Em relação ao uso de telas absorvíveis, um único trial comparou a colporrafia posterior com colporrafia posterior associado ao uso de tela de Vicryl, sem mostrar diferença nas taxas de recidiva objetiva (colporrafia: 10%; tela 9,6%, RR 1,13; IC [0,40, 3,19]) (Sand, 2001)

Dois trials foram compilados comparando a colporrafia posterior ou correção sitio específica com enxertos de submucosa intestinal suína (SIS), sem diferença nas taxas de recidiva subjetiva (colporrafia 10%; SIS 8,6%; RR 1,09; IC [0,45, 2,62]). Por outro lado, existe uma maior recidiva objetiva nos pacientes submetidos aos enxertos de SIS (colporrafia: 10%; SIS 21%; RR 0,47; IC [0,24, 0,94]) (Maher, 2013).

Acreditamos que não existe papel comprovado para a utilização de telas em prolapso posterior.

Prolapso apical (uterino/cúpula vaginal)

Talvez a abordagem dos prolapsos apicais seja a com mais possibilidades cirúrgicas. Podem ser abordados por via vaginal, com e sem tela, mas podem também ser abordados por via abdominal, seja cirurgia aberta ou laparoscópica.

Além disso, muito tem sido falado sobre a importância do suporte apical, que seria a pedra angular de todo o suporte vaginal. A ausência de sua correção deve acarretar na recorrência dos prolapsos (Eilber, 2013).

Atualmente, a sacrocolpopexia é a cirurgia mais atrativa por via abdominal, considerada por muitos o “padrão-ouro” para o tratamento desses prolapsos. Nesta cirurgia, é utilizada uma tela de polipropileno que fixa a cúpula vaginal ao promontório sacral.

A comparação da sacrocolpopexia abdominal com a colpopexia sacroespinhal transvaginal mostrou vantagem da via abdominal, com uma menor taxa de recidiva (abdominal: 3,5%; vaginal: 9,4%), menor grau de prolapso residual, maior tempo para recorrência do prolapso, menos incontinência urinária pós-operatória (abdominal: 18%; vaginal: 34%); menos dispareunia (abdominal: 15%; vaginal: 36%).

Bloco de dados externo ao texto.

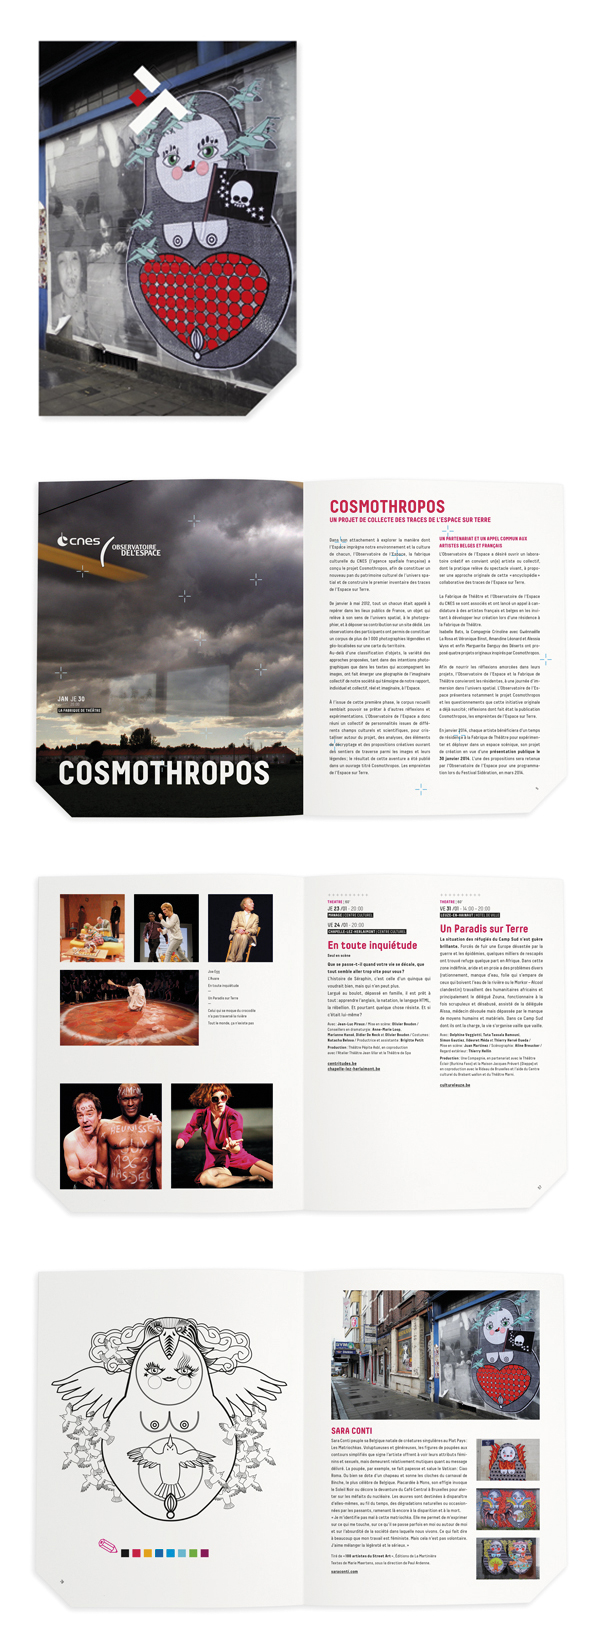 La Fabrique de Théâtre <em> – brochure 2014 </em>

Em contrapartida, existe um maior tempo cirúrgico, maior tempo de recuperação e maior custo (Maher, 2013).

A sacrocolpopexia abdominal também foi comparada com a sutura dos ligamentos útero-sacros ao ápice vaginal em um estudo prospectivo, mostrando também menores taxas de recorrência (abdominal: 0%; vaginal: 17%) e menores taxas de reoperação nos pacientes operados por via abdominal. Da mesma forma, o tempo operatório, dias de internação foram também maiores (Rondini, 2011).

Apesar da grande taxa de sucesso da cirurgia aberta, existe uma grande morbidade peri-operatória associada. A abordagem laparoscópica foi comparada com a abordagem aberta, mostrando resultados similares, porém com menor tempo de hospitalização, uma menor taxa de sangramento e necessidade de analgesia (Pantazis, 2011). Um trial recente comparou a técnica laparoscópica e robótica, mostrando os mesmos desfechos, porém com um custo mais elevado para a abordagem robótica (Anger, 2014).

Em relação à exposição de tela, um trial comparando a sacrocolpopexia laparoscópica com abordagem com tela vaginal, mostrou uma taxa menor de exposição na primeira abordagem (sacrocolpopexia: 1,8%; vaginal: 12%) (Maher, 2011).

Alguns novos kits vêm sendo lançados para realização de colpo/histeropexia aos ligamentos sacro- espinhosos bilateralmente, com a utilização de malhas menores (Rivaux, 2012; Palma, 2014). Recentemente, uma coorte com 207 pacientes, mostrou sucesso de 94% em 1 ano, taxa comparável até mesmo com a sacrocolpopexia (Altman, 2016). Ainda não existem trials comparando- os com a sacrocolpopexia.

Acreditamos que os prolapsos apicais são o modelo para a utilização de tela, seja por via abdominal, já bem estabelecida com a sacrocolpopexia, seja por via vaginal, através das novas técnicas de pexia aos ligamentos sacro-espinhosos.

Conclusão

A utilização de malhas no tratamento dos prolapsos de órgãos pélvicos é uma ferramenta fundamental principalmente no tratamento dos prolapsos apicais, através da sacrocolpopexia, bem como dos prolapsos anteriores, por via vaginal. Entretanto, acreditamos que os fatores mais importantes para o sucesso cirúrgico e minimização das complicações associadas às telas são a seleção adequada dos pacientes e treinamento continuado dos cirurgiões do assoalho pélvico.